Elke keer als ik thuis een nieuw slim opruimplan bedenk, roept mijn zoon spottend ‘bakjes op de trap!’ Ooit leek het zo makkelijk en logisch: ieder kind kreeg een bak in een eigen kleur die ik op de trap zette. Daarin verzamelde ik ( en zij, was het einddoel) de hele dag wat rondslingerde, zoals opladers, losse bladen schoolwerk, oortjes, haarelastiekjes. En dan namen ze hun bak ’s avonds mee naar boven en de volgende ochtend weer leeg mee terug naar beneden. Tot zover het plan. Heeft nooit gewerkt.
Afhankelijk van hoe druk ik ben, het verloop van de dag en de tijd van de maand, reageer ik op de volgende manieren op rommel:
- Met een opruimrondje door het hele huis waar verder niemand last van heeft of blij mee lijkt te zijn
- Met gezucht, geërgerd gemompel en boze blikken
- Op opvoedkundig zeer verantwoorde wijze, door vriendelijk aan te geven wat thuiskomen in zo’n bende met me doet, te zeggen wat ik nodig heb en te vragen om medewerking
- Op opvoedkundig zeer ongepaste wijze, door bijvoorbeeld alle troep op een Netflixend kind te gooien
Manier 1 is leuk op dagen dat je energie voor tien hebt, vertederd bedenkt hoe leuk je puberende kinderen zijn en ziet hoe hard de schatten werken aan hun volwassenwording. Manier 2 is slecht voor je eigenwaarde en manier 4 werkt niet en lucht ook maar héél kort op. Blijft over manier 3.

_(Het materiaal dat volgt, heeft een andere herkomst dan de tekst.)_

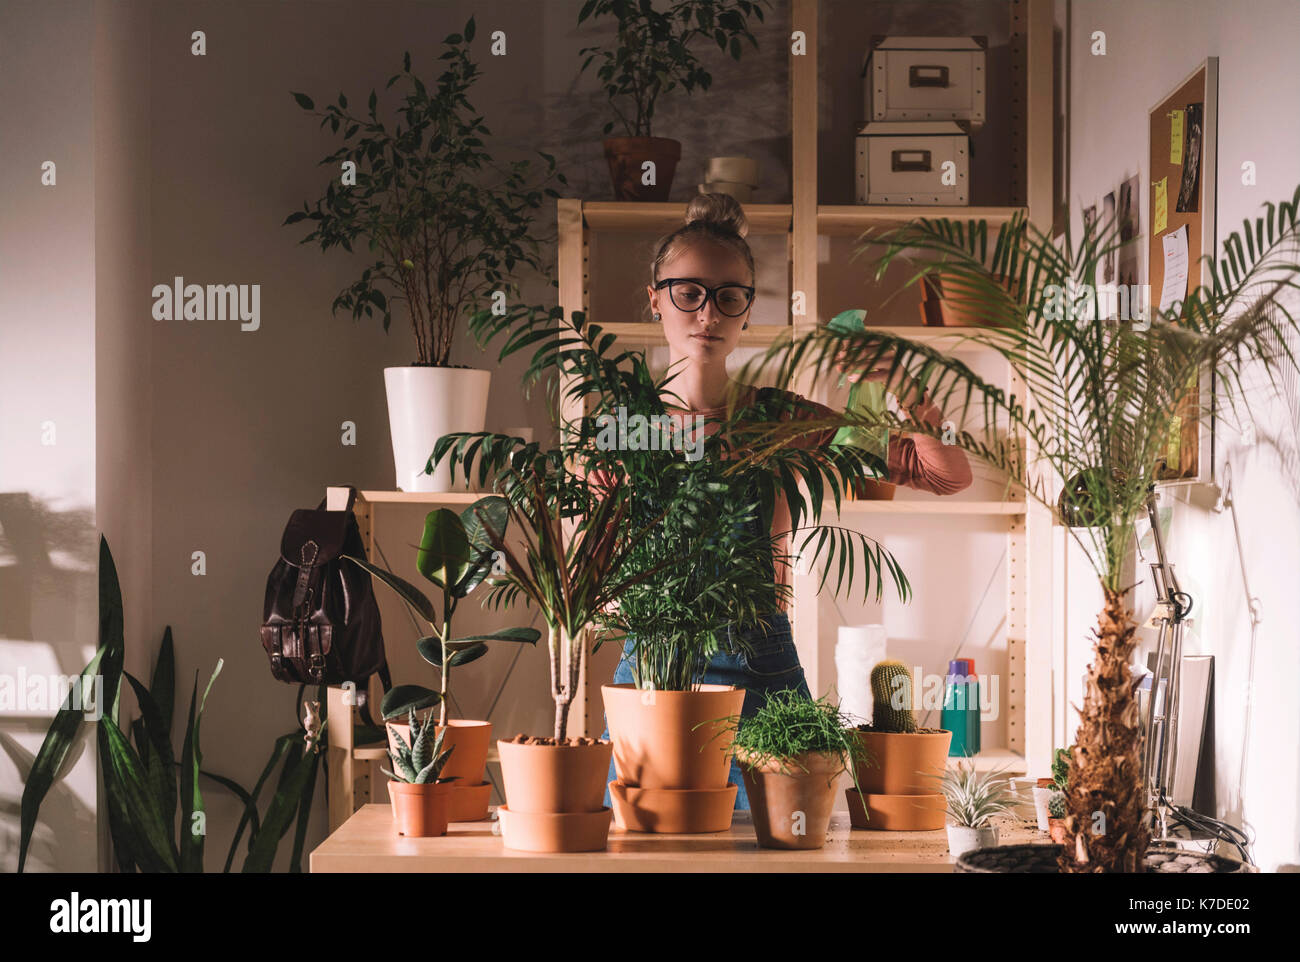 Woman watering potted plants using spray bottle at home Stock Photo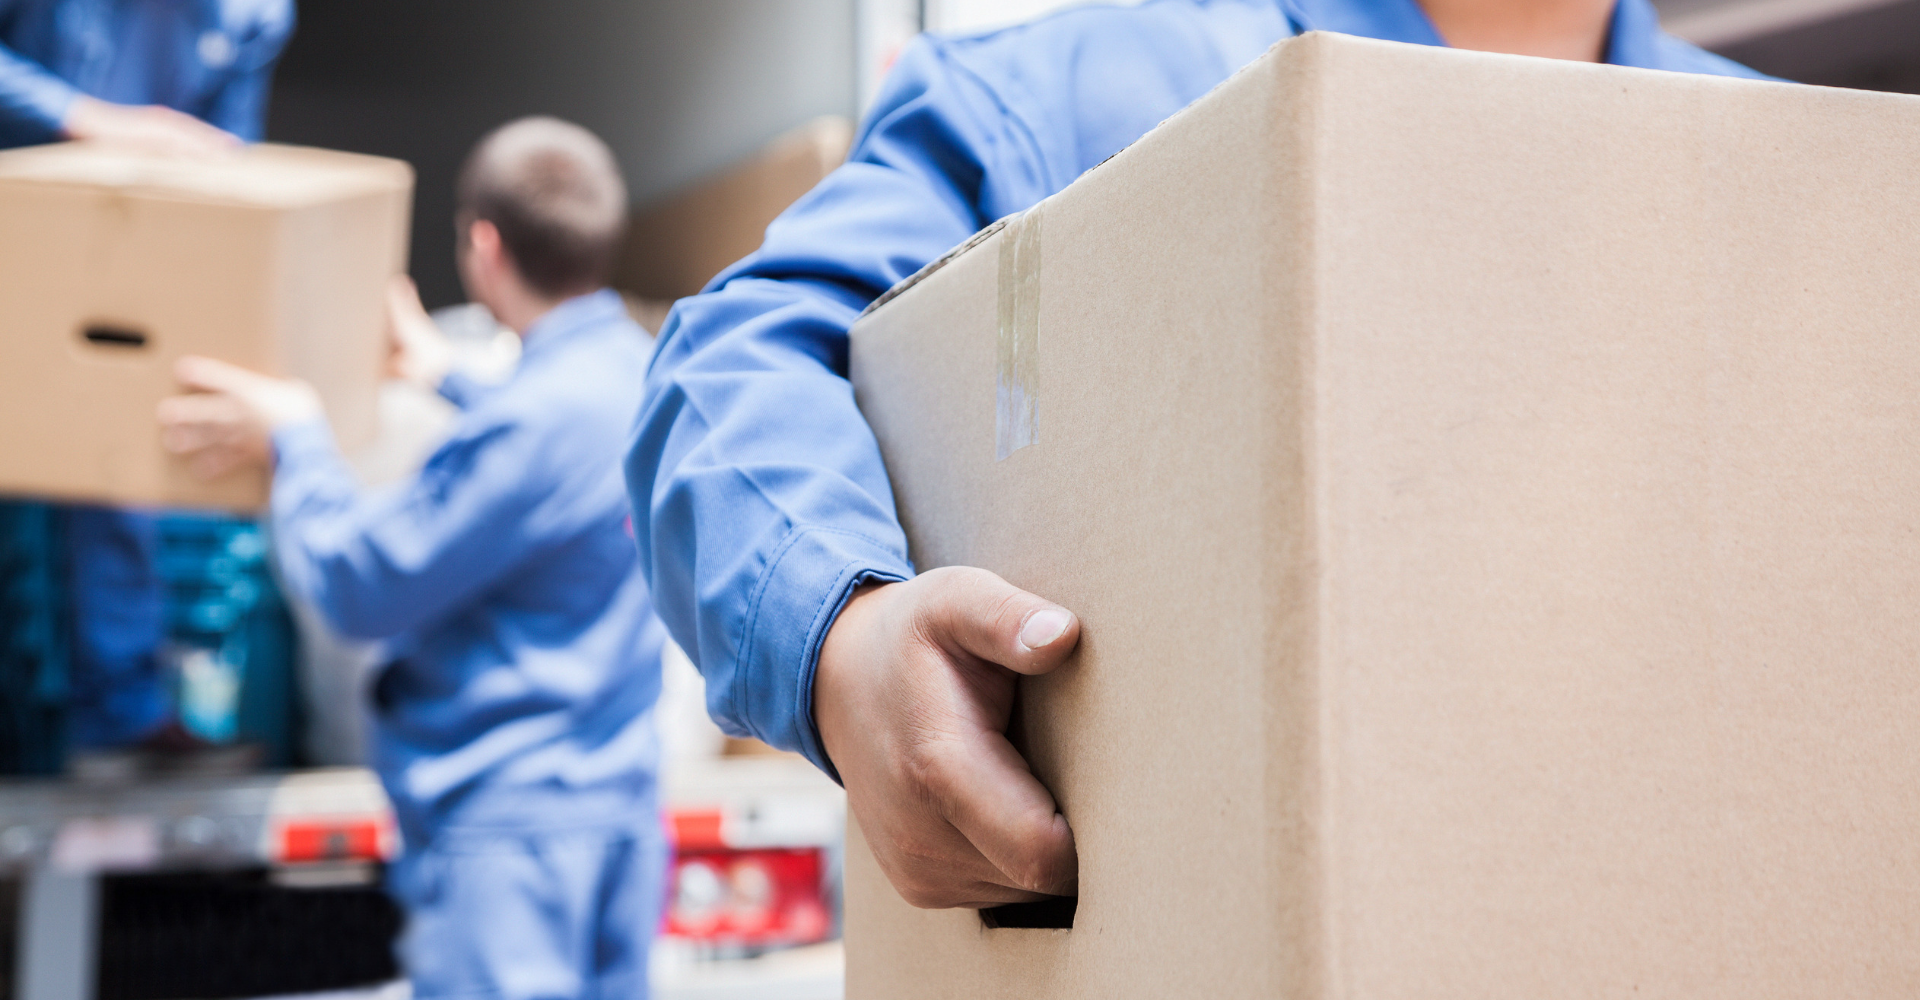 Packing and Unpacking - Best Packing Tips for Moving Day - Movers carrying boxes

Manier 3 heet ook wel Geweldloos Communiceren en het is te gek. Het is even wennen, maar dan is het verbazingwekkend effectief. Geweldloos communiceren is ‘uitgevonden’ door de Amerikaanse psycholoog Marshall Rosenberg. Hij beschrijft dat we vaak verbaal geweld gebruiken als we communiceren. Daar bedoelt hij mee dat we door onze manier van praten elkaar vaak verwijten (lijken te) maken, waardoor we meer bezig zijn met onszelf verdedigen of de ander terugpakken dan met echt luisteren. In plaats van elkaar beter te snappen en samen verder te komen, belanden we in een welles-nietesstrijd. Dat kan anders. Wie geweldloos communiceert doorloopt 4 stappen:
- Je beschrijft wat je waarneemt
(alleen de feiten, zonder oordeel).
- Je vertelt hoe je je daarbij voelt
(een emotie dus, geen gedachte).
- Je geeft aan waar je behoefte aan hebt
(wat iets anders is dan een bepaald gedrag verlangen).
- Je vraagt
(het is een verzoek, geen eis) of iemand bereid is iets te doen.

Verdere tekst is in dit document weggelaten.